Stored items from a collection
===============
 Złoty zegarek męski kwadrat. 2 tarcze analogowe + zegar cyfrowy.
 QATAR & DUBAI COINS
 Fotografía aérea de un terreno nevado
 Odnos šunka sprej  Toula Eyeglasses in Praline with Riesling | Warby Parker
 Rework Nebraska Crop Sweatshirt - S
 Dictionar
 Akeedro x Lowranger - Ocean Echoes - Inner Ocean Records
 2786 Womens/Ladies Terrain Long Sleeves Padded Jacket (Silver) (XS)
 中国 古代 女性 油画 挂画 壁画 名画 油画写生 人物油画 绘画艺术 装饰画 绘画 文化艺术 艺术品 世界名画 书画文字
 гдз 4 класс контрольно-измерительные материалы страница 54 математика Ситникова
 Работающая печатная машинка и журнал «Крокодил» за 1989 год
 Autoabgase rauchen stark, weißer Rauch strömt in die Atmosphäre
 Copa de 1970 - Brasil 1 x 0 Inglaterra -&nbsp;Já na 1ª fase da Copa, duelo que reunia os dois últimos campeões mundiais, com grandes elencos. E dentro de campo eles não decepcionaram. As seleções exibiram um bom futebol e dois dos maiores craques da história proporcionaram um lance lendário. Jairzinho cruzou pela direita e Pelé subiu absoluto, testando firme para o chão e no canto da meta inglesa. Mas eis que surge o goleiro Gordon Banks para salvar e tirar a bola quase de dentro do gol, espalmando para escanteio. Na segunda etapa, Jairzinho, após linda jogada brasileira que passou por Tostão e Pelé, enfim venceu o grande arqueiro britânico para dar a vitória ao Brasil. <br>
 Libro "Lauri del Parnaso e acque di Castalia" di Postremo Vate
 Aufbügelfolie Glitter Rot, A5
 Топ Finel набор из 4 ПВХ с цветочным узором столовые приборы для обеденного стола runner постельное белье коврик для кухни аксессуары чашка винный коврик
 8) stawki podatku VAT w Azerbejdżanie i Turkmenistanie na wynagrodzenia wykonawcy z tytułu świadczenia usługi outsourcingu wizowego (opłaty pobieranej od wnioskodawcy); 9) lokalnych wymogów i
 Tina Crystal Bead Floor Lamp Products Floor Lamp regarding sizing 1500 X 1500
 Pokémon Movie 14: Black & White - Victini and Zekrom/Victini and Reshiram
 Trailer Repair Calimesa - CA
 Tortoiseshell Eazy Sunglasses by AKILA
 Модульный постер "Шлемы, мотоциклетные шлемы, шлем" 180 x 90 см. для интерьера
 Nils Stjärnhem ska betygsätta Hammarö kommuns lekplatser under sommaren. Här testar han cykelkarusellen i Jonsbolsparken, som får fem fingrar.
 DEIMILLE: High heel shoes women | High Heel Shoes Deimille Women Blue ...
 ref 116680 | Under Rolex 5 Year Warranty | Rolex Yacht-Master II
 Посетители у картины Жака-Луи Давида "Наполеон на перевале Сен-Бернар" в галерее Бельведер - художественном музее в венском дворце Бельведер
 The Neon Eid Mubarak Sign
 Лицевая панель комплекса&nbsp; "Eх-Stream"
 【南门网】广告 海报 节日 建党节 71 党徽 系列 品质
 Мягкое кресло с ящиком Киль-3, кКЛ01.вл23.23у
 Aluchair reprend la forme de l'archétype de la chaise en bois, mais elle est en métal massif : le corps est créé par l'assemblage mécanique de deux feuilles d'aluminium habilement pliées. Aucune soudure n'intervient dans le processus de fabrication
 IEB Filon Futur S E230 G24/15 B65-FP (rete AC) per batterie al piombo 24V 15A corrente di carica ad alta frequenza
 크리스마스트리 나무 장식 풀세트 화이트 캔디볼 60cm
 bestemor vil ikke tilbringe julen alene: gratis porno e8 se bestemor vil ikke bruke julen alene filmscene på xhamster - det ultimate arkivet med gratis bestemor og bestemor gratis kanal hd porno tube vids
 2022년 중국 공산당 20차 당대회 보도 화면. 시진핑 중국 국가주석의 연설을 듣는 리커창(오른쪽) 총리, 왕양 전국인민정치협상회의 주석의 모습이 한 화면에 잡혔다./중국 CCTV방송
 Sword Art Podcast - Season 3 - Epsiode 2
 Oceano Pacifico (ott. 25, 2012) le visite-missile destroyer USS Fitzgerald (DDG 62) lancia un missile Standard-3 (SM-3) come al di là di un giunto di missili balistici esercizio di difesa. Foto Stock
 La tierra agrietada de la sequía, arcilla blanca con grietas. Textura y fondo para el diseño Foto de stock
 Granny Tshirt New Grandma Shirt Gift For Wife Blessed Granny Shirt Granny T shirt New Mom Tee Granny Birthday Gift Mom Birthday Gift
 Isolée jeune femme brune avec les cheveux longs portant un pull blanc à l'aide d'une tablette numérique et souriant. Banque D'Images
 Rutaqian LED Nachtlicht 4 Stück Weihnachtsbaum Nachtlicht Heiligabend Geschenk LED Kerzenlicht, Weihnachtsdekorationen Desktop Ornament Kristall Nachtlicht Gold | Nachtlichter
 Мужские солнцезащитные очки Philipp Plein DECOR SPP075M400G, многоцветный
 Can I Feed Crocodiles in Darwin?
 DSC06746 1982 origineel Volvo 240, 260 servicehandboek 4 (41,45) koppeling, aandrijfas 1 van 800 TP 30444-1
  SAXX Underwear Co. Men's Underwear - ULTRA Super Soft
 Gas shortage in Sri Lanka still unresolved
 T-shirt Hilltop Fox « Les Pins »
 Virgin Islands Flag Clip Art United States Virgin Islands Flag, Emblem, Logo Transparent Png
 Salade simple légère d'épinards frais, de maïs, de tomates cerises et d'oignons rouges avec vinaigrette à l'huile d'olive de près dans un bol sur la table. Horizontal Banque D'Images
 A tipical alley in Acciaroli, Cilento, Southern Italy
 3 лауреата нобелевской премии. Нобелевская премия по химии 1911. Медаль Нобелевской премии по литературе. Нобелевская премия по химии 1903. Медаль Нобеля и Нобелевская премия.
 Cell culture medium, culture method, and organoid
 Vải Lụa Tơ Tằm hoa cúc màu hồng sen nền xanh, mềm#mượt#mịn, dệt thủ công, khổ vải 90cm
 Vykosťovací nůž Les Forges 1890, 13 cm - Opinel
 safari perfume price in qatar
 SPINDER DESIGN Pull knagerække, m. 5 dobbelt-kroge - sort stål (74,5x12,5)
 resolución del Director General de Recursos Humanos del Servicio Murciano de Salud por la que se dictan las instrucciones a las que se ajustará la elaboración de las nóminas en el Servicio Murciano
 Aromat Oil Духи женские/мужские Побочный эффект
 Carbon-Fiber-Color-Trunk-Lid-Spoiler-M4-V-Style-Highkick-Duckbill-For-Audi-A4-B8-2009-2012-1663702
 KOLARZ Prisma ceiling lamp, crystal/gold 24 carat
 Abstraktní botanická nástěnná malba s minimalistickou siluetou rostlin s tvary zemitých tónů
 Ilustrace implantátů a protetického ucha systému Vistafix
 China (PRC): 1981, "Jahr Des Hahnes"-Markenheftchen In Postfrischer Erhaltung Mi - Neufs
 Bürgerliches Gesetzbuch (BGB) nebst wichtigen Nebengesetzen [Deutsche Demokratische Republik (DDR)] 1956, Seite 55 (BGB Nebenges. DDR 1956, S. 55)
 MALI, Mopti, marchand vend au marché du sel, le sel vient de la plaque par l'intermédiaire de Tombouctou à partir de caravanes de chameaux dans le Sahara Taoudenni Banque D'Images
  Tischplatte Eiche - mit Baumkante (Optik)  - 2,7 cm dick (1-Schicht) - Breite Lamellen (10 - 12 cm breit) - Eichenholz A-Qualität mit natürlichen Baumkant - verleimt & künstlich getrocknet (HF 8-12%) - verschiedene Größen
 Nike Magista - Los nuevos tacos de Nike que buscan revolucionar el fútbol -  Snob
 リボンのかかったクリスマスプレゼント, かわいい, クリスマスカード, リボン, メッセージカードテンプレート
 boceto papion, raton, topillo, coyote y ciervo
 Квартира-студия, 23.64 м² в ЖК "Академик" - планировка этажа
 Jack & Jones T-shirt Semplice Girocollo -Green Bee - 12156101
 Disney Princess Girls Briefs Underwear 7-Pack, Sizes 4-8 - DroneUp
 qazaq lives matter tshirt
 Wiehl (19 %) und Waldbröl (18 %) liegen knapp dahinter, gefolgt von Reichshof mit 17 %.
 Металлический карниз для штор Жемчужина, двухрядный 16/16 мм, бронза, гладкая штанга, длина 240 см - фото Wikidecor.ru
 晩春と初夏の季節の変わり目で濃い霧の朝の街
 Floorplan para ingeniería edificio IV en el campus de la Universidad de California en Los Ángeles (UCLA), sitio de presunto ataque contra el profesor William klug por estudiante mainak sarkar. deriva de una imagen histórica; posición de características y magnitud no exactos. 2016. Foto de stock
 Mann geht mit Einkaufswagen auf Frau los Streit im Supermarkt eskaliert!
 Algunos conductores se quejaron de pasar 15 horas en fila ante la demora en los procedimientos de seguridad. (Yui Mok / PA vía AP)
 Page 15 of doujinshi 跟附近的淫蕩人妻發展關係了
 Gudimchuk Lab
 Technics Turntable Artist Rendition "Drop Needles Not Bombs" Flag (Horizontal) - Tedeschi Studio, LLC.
===============
Please filter the entries for the word "Images" and copy the lines that have it.

 Isolée jeune femme brune avec les cheveux longs portant un pull blanc à l'aide d'une tablette numérique et souriant. Banque D'Images
 Salade simple légère d'épinards frais, de maïs, de tomates cerises et d'oignons rouges avec vinaigrette à l'huile d'olive de près dans un bol sur la table. Horizontal Banque D'Images
 MALI, Mopti, marchand vend au marché du sel, le sel vient de la plaque par l'intermédiaire de Tombouctou à partir de caravanes de chameaux dans le Sahara Taoudenni Banque D'Images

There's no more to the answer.